→ COLLECTED MATERIAL:
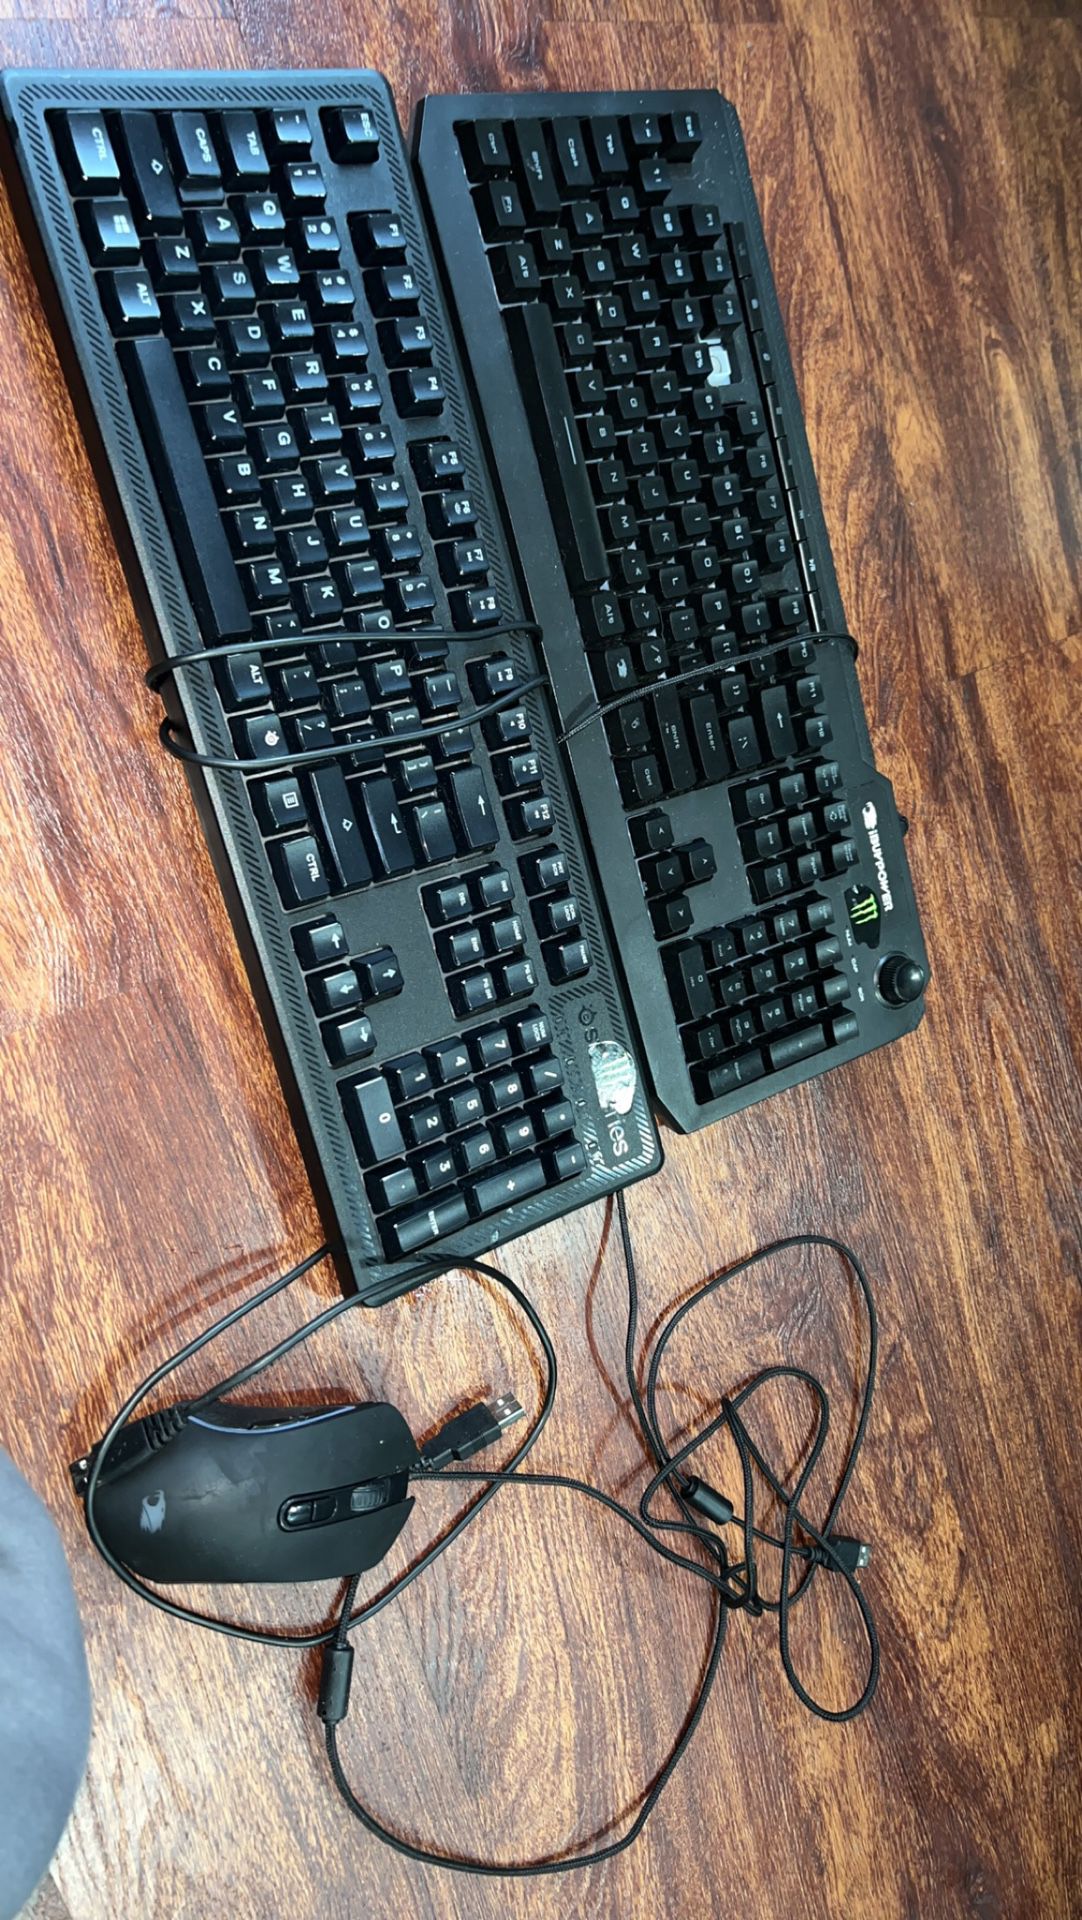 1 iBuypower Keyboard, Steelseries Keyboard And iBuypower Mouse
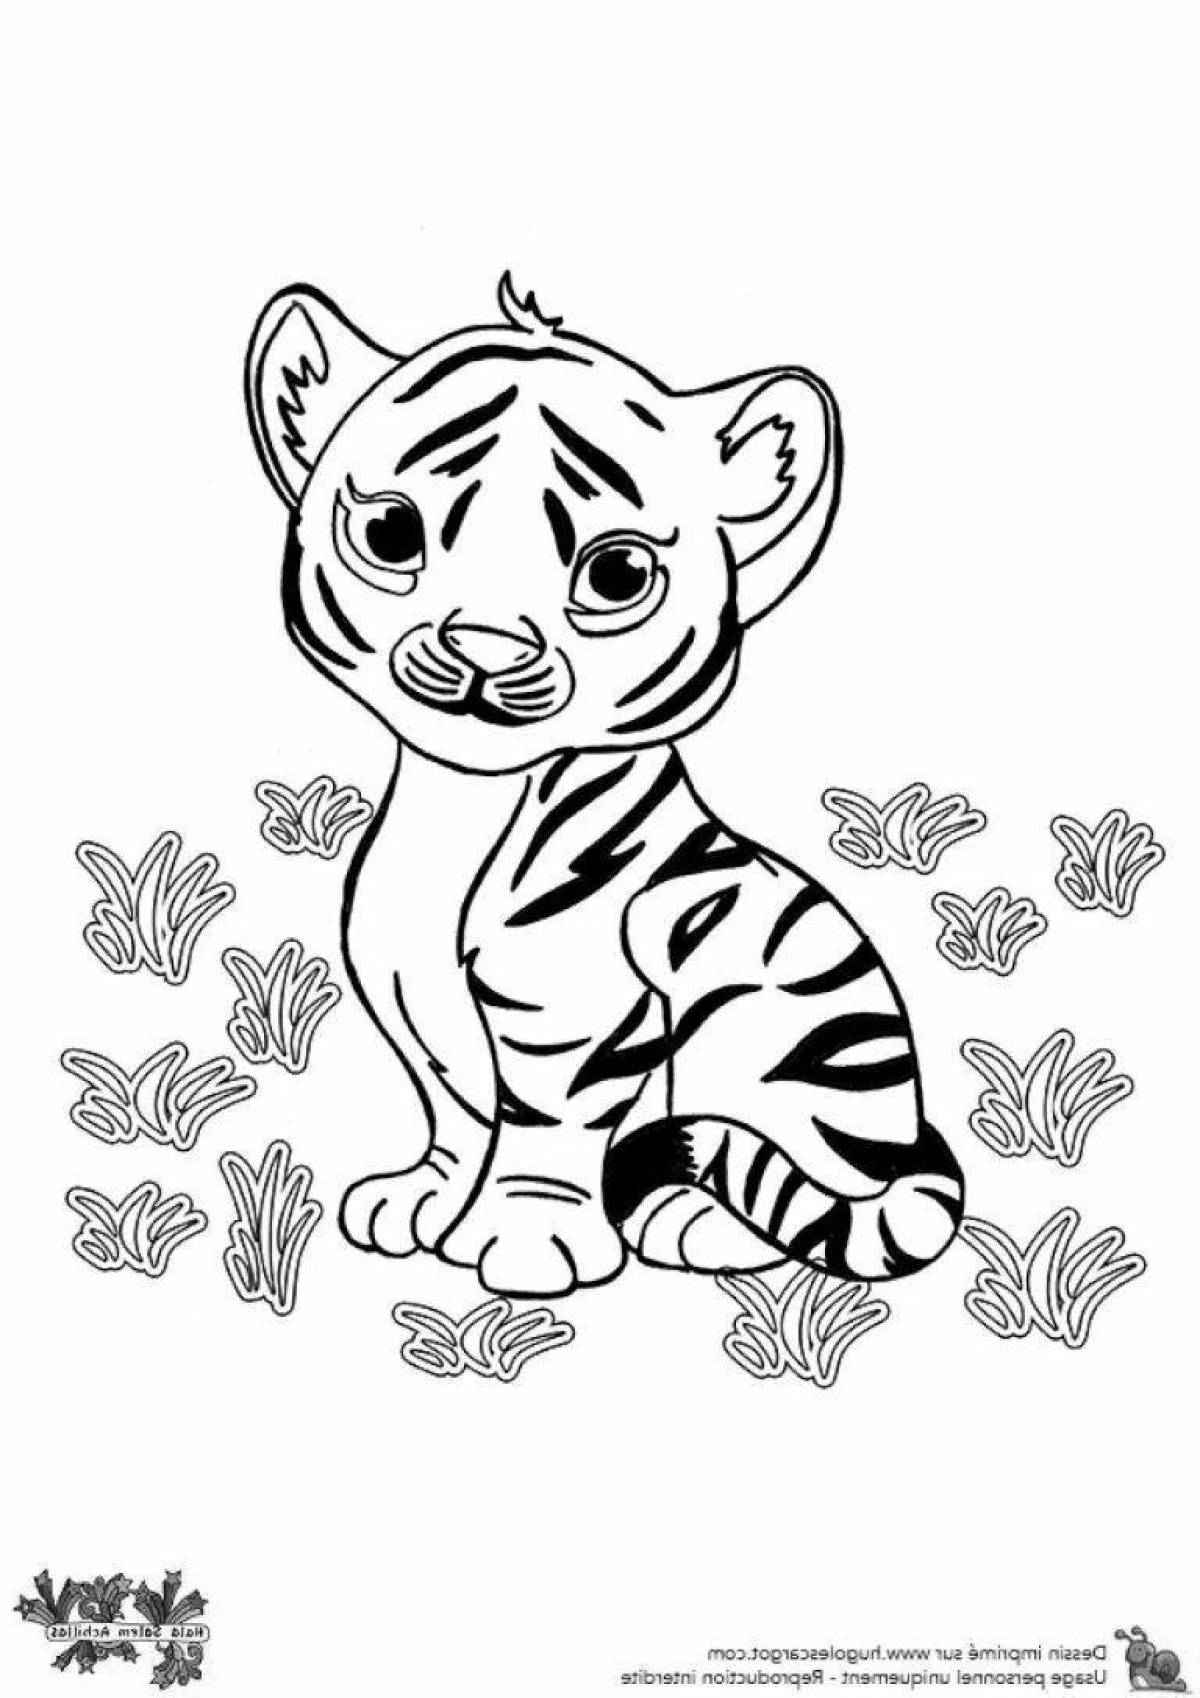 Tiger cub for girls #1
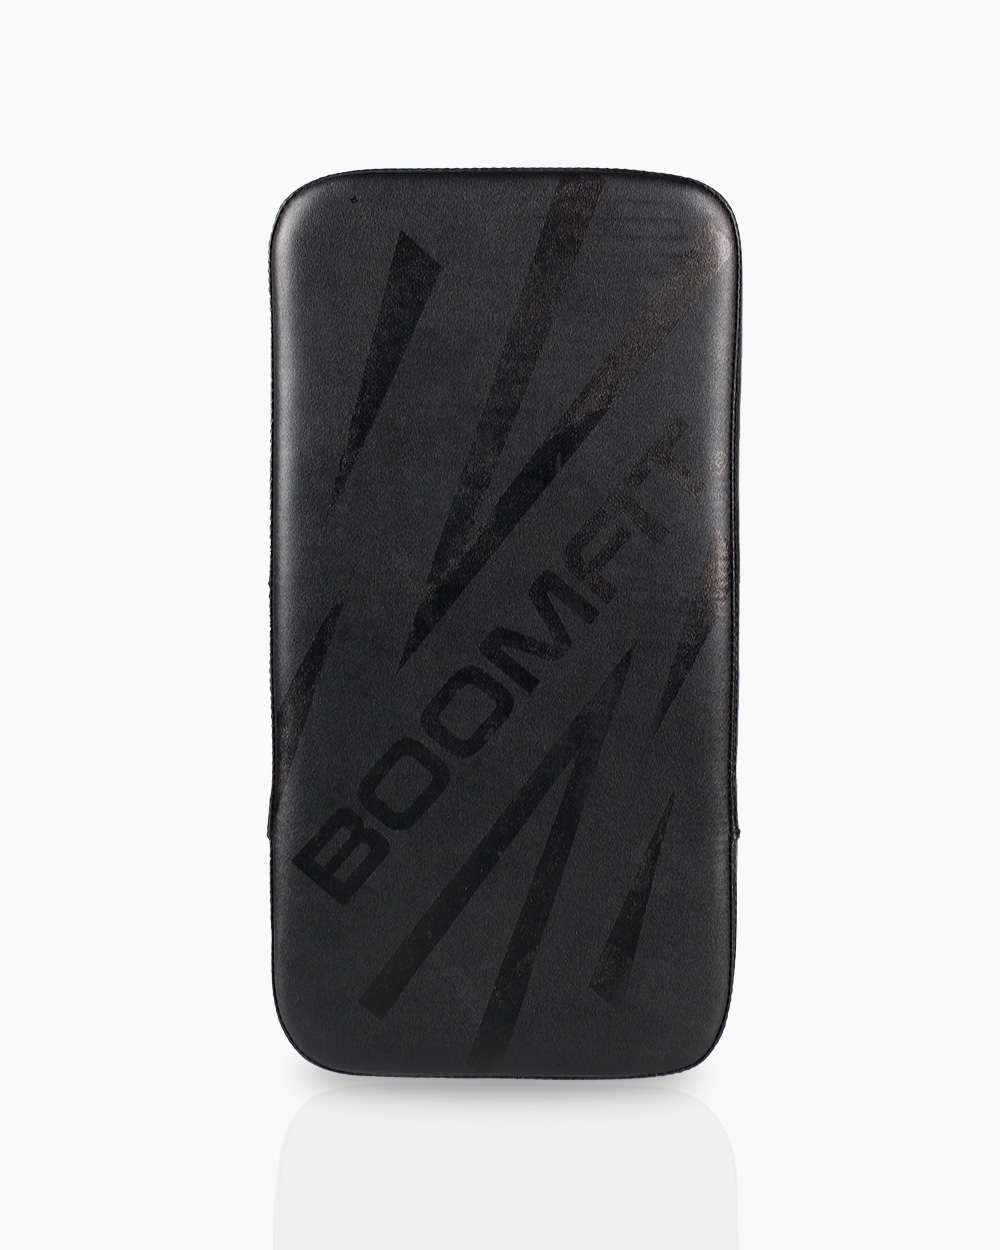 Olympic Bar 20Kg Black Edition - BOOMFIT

→ YOUR OBJECTIVE: Write out the material above again, word for word, minus its pictures.

→ RESPONSE:
 1 iBuypower Keyboard, Steelseries Keyboard And iBuypower Mouse
 Tiger cub for girls #1
 Olympic Bar 20Kg Black Edition - BOOMFIT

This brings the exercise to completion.